Im weiteren Verfahren stelle das OLG Düsseldorf dann fest, dass auf Grundlage der Entscheidung des EuGH kein Verstoß der beklagten Kanzlei gegen das Unterlassungsurteil vorlag. Auch das zwischenzeitliche Vorbringen der Klägerin, zwischen dem Verzeichnis „Das Örtliche“ und anderen Seiten bestünden Partnerschaften, half nicht weiter. Derartige Partnerschaften würden für eine mittelbaren Beziehung der Beklagten zu diesen Seiten nicht ausreichen. Die Klägerin habe auch nicht geltend gemacht, dass die Beklagte diese anderen Seiten durch die Eintragung in „Das Örtliche“ mitbeauftragt hätte.
Praxishinweis
Jedenfalls im Bereich des Markenrechts können die weitgehenden Handlungspflichten, die der BGH einem Unterlassungsschuldner auferlegt, nicht mehr bedenkenlos aufrechterhalten werden.
Insbesondere muss hier nach Abgabe einer Unterlassungerklärung oder nach Ergehen eines Unterlassungsurteils nicht Kontakt mit Branchenverzeichnissen oder Adressdatenbanken aufgenommen werden, um nicht veranlasste Einträge entfernen zu lassen.

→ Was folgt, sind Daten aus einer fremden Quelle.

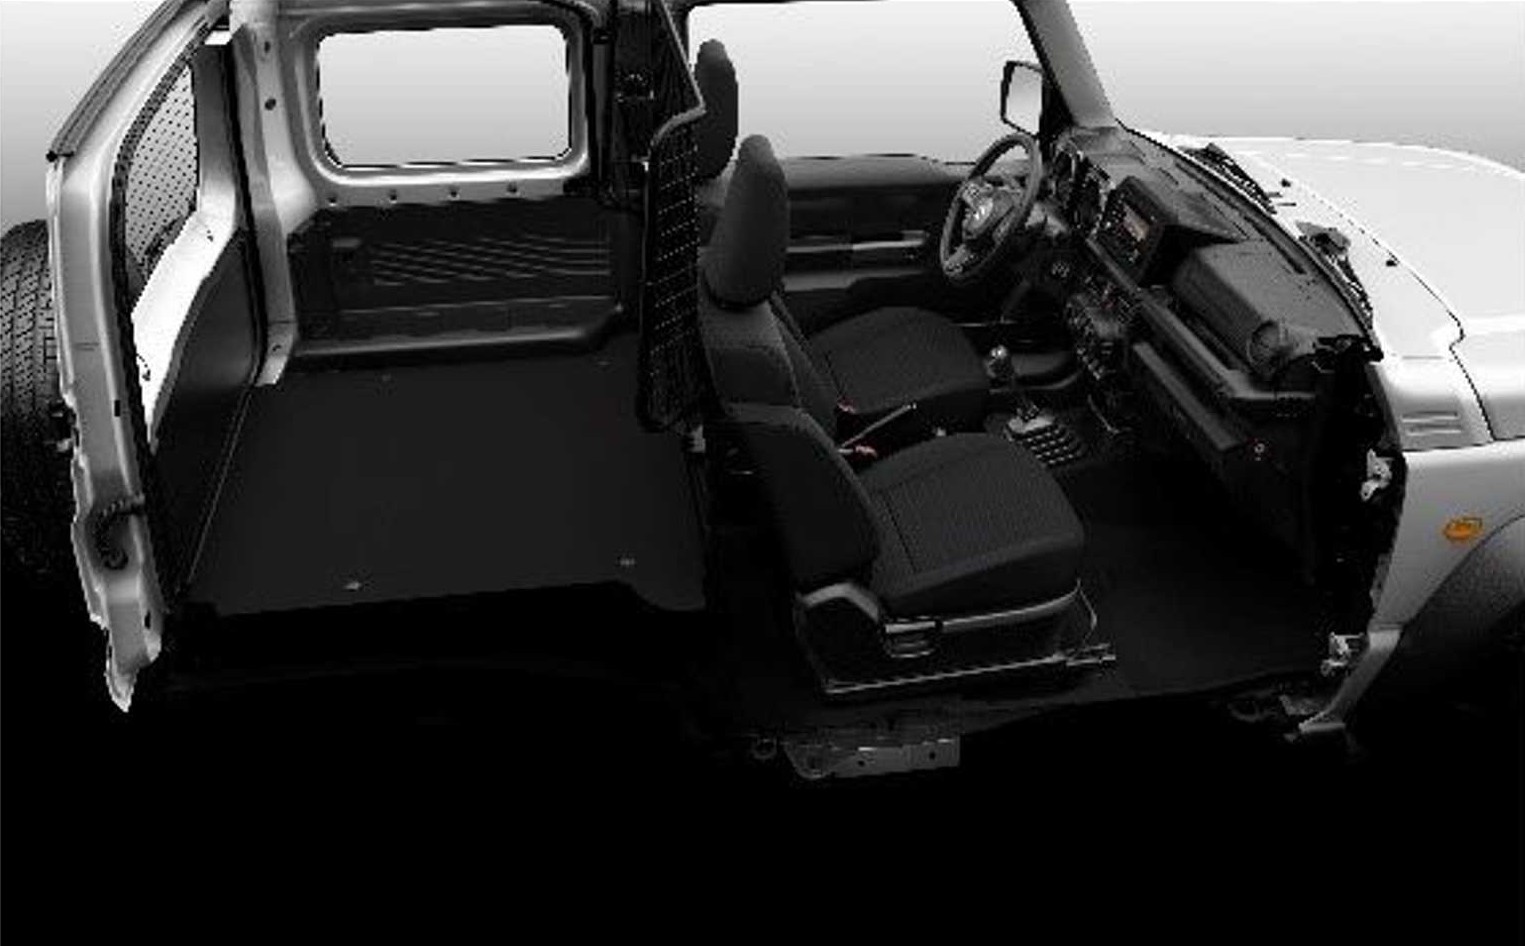 ジムニーロング 5ドア 22年発売予測 派生モデル追加の動きあり 自動車リサーチ
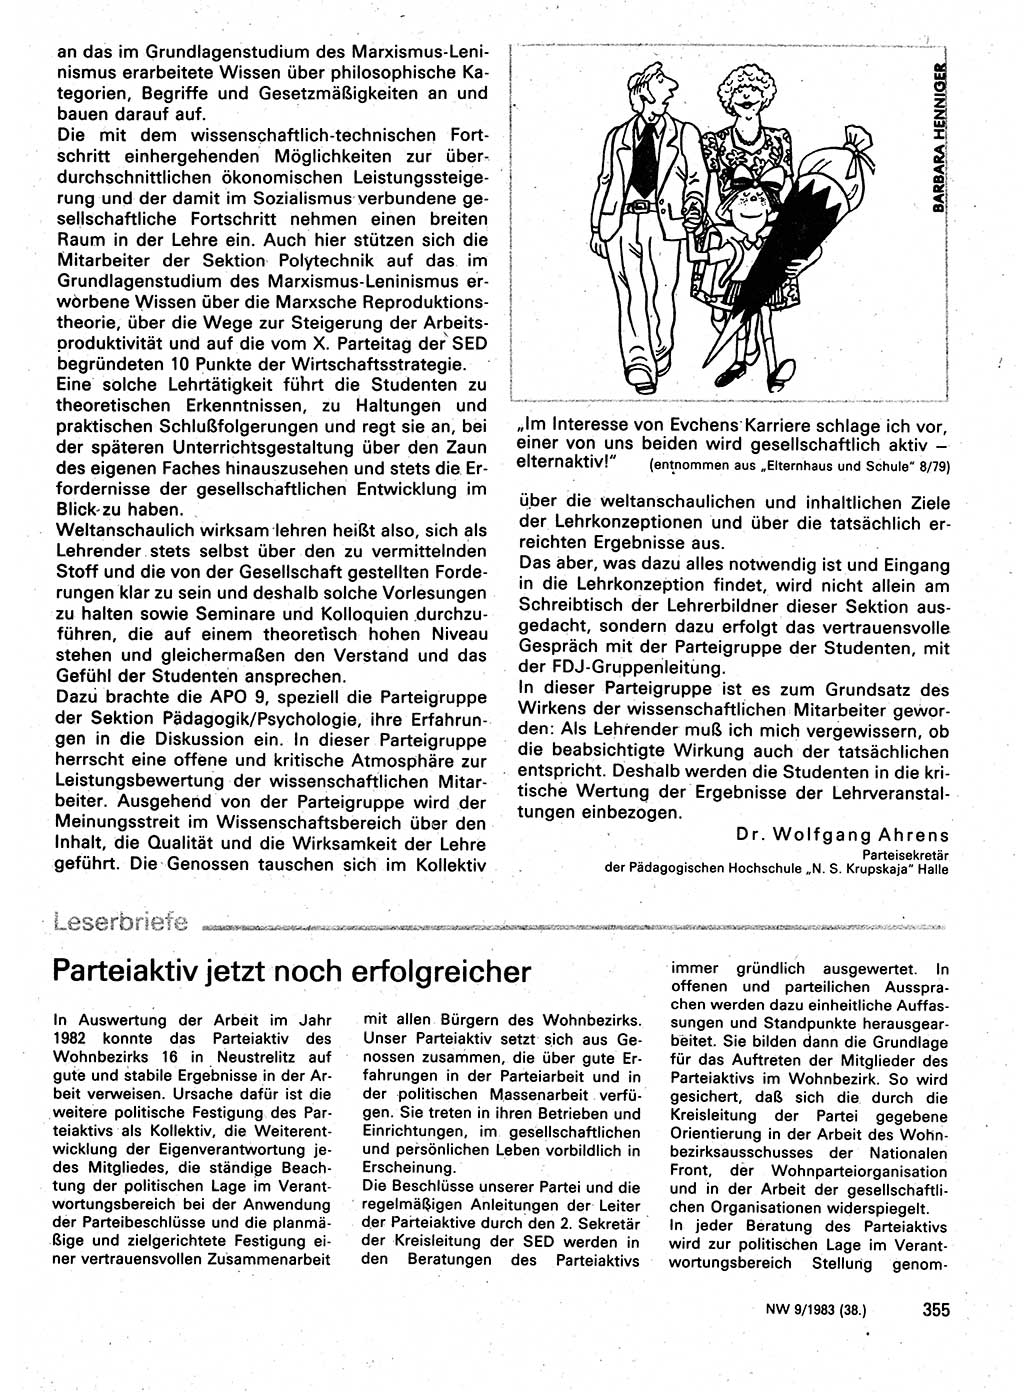 Neuer Weg (NW), Organ des Zentralkomitees (ZK) der SED (Sozialistische Einheitspartei Deutschlands) für Fragen des Parteilebens, 38. Jahrgang [Deutsche Demokratische Republik (DDR)] 1983, Seite 355 (NW ZK SED DDR 1983, S. 355)

Gleiches muss konsequenterweise für andere Webseiten unabhängiger Dritter gelten. Auch die Veranlassung der Löschung von Seiten aus dem Google-Cache (oder dem Cache anderer Suchmaschinen) dürfte nicht mehr ohne weiteres notwendig sein.
Dies alles gilt freilich zumindest vorerst nur im Bereich des Markenrechts. Ob sich die Rechtsprechung auch in anderen Rechtsgebieten anpassen wird, ist abzuwarten. Allerdings erscheint unwahrscheinlich, dass sich der BGH dem EuGH auch in anderen Bereichen „beugen“ wird.